Start of Given material

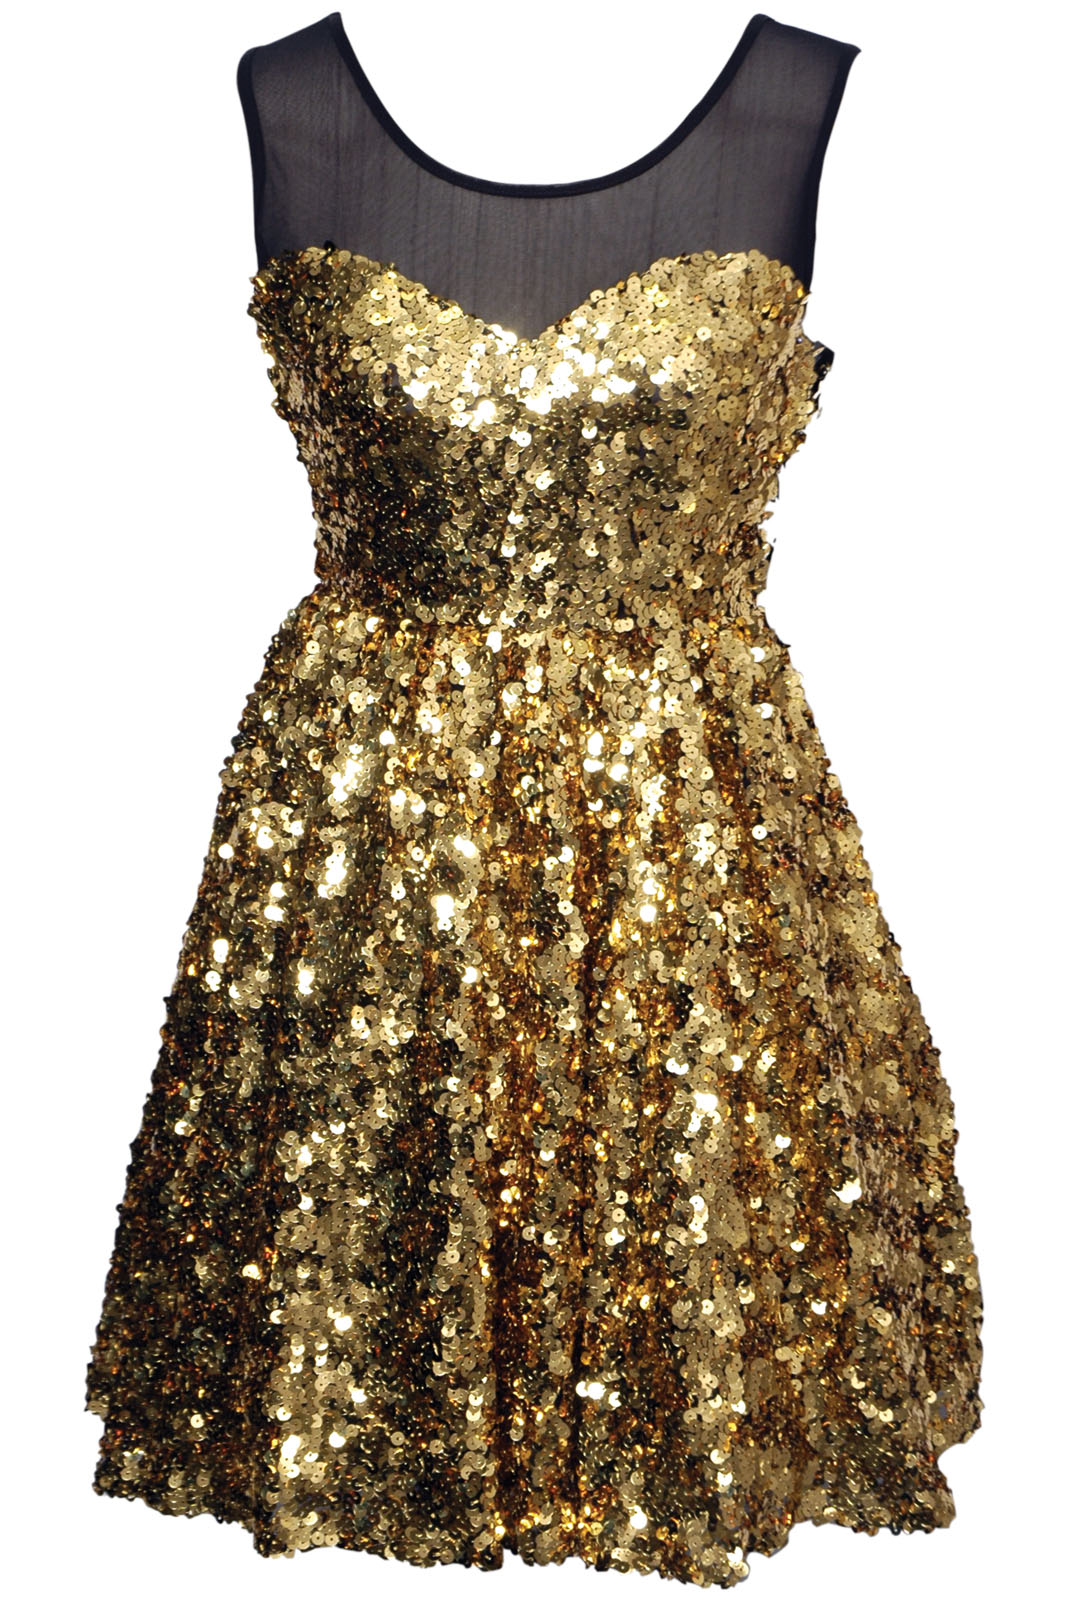 Sparkle Glitter Dress - Make Your Evening Special
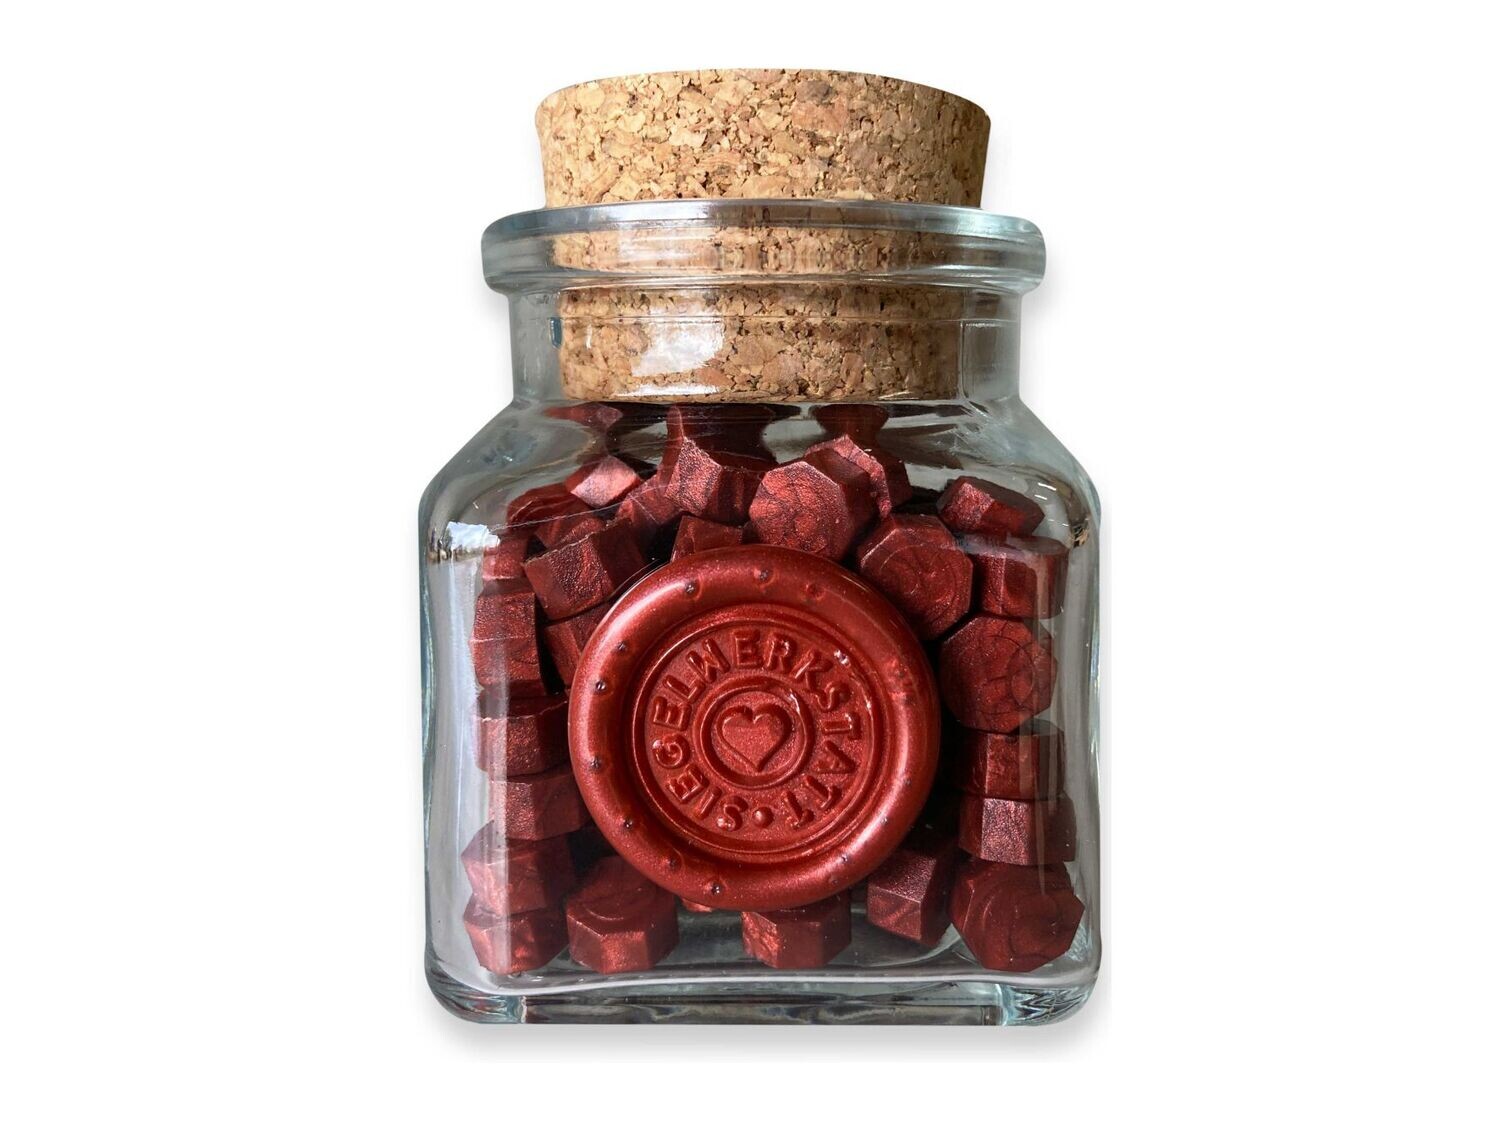 Sealing Wax Beads in Glass Bottle - Red-copper
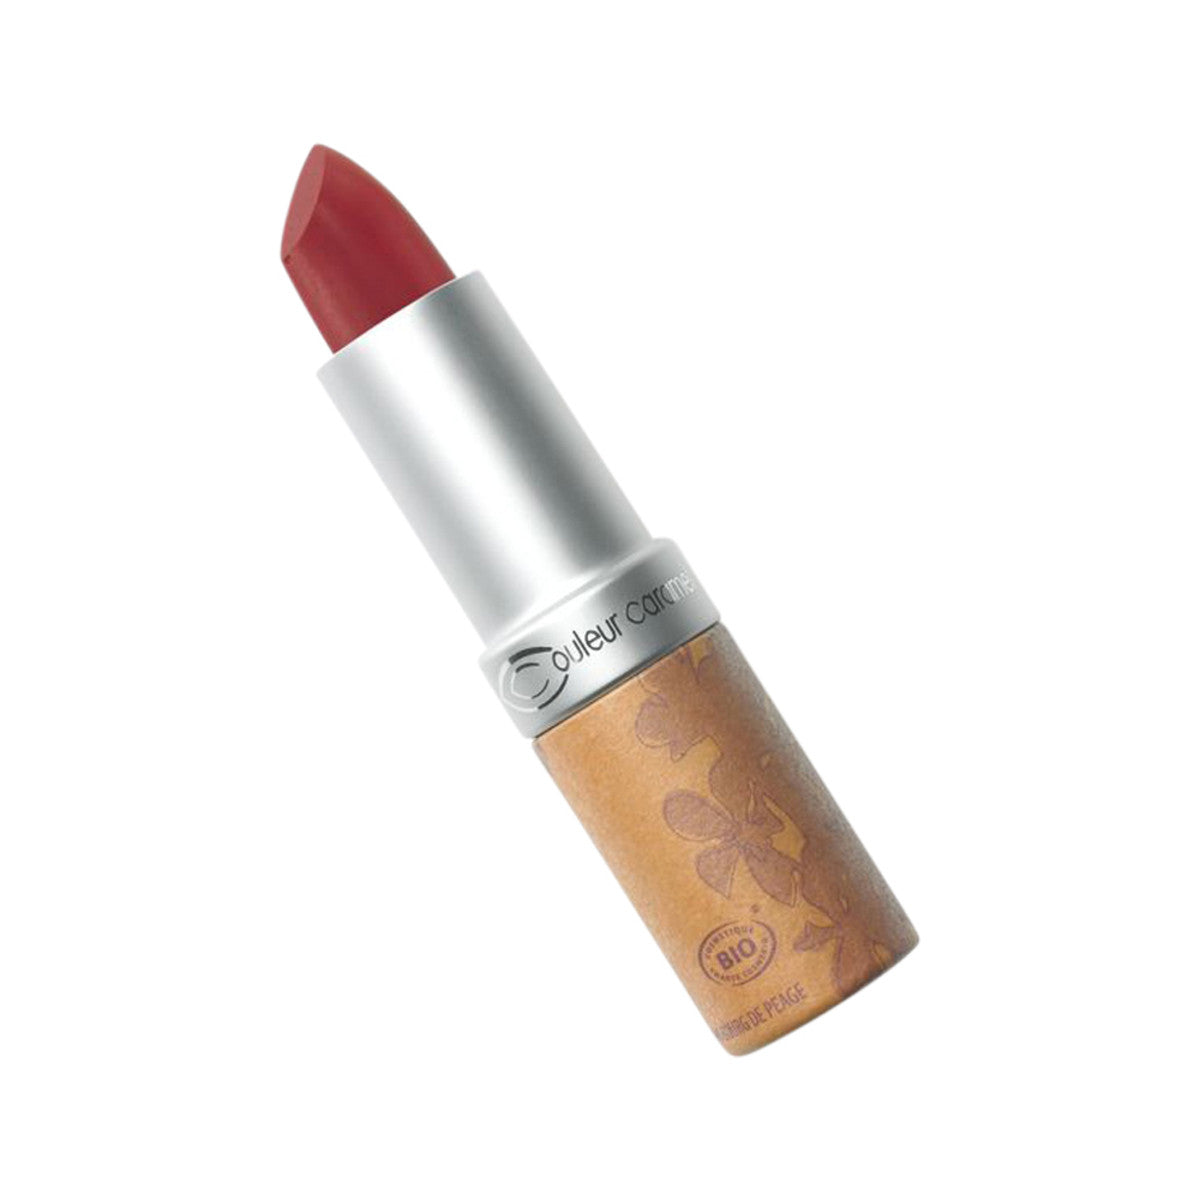 Couleur Caramel - Lipstick Glossy True Red (223)
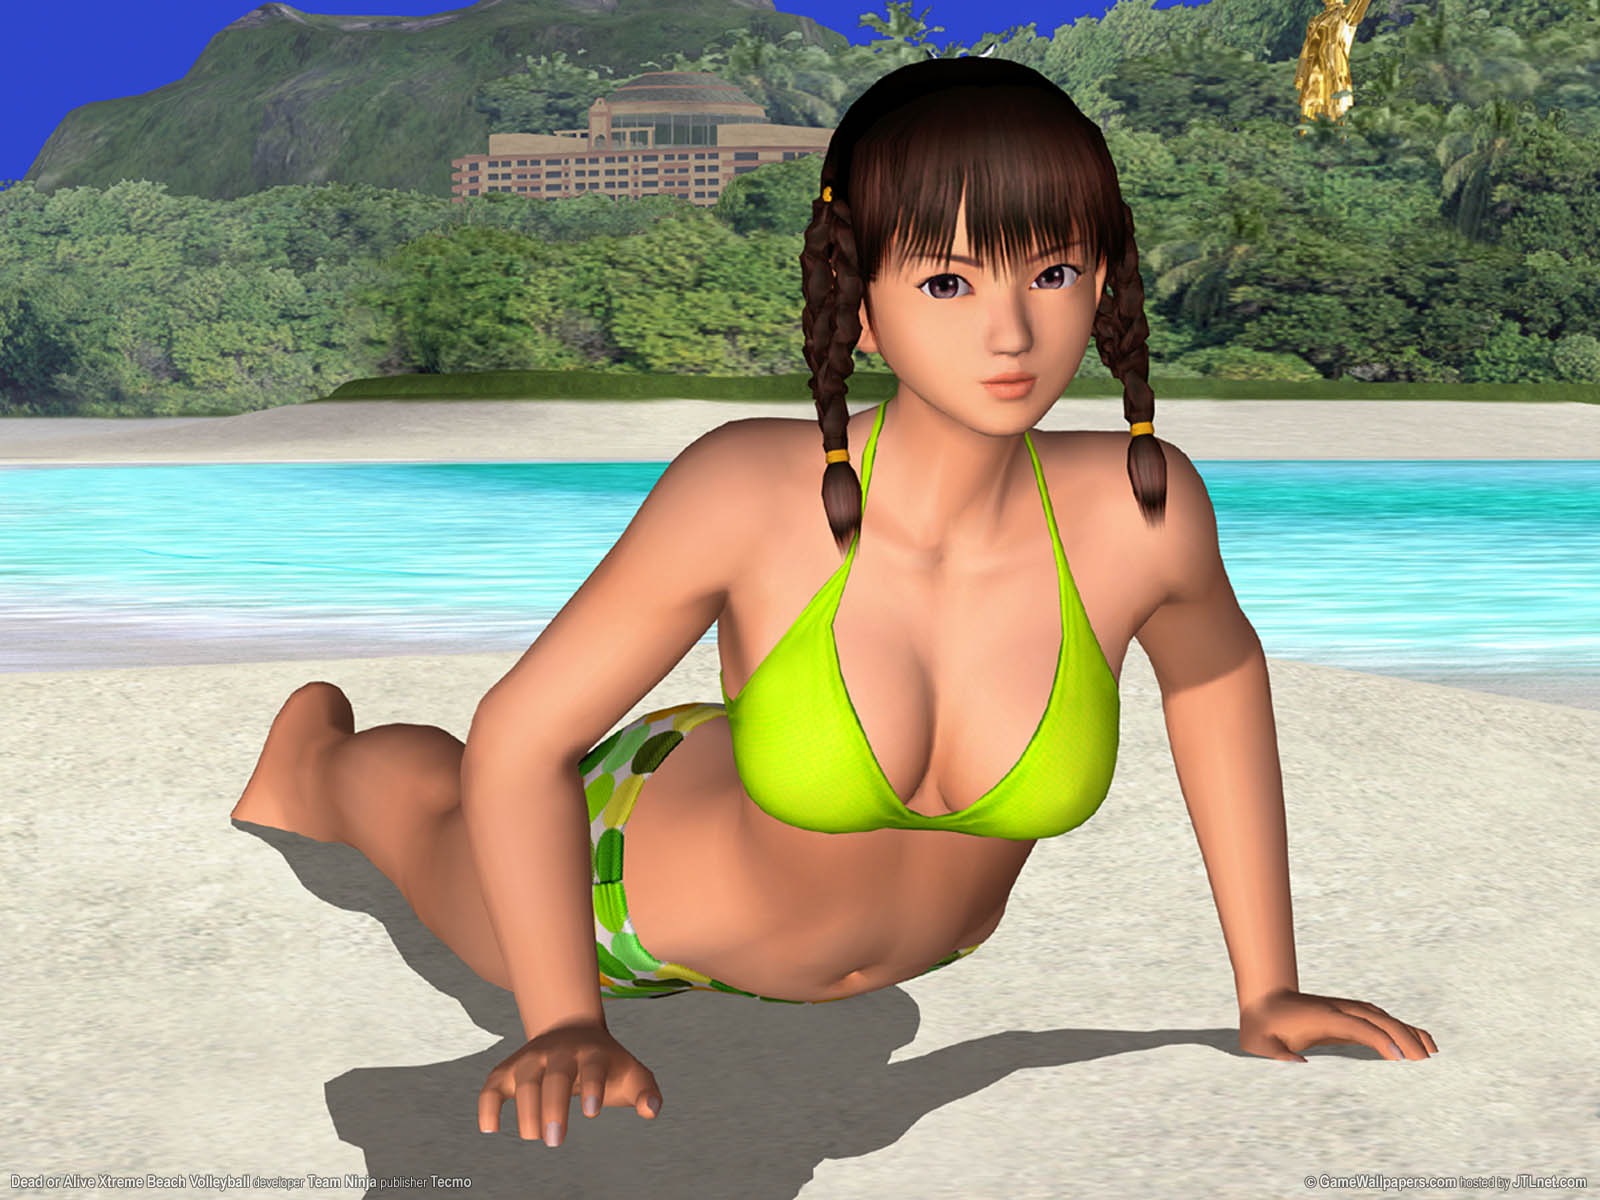 Dead or Alive Xtreme Beach Volleyball wallpaper 14 1600x1200

End of Given material

* _What is expected_
Output precisely the lines in the material above from the line containing "Sealing Wax Beads" through its last line, and omit pictures.

* _Task response_
 Sealing Wax Beads in Glass Bottle - Red-copper
 Couleur Caramel - Lipstick Glossy True Red (223)
 Dead or Alive Xtreme Beach Volleyball wallpaper 14 1600x1200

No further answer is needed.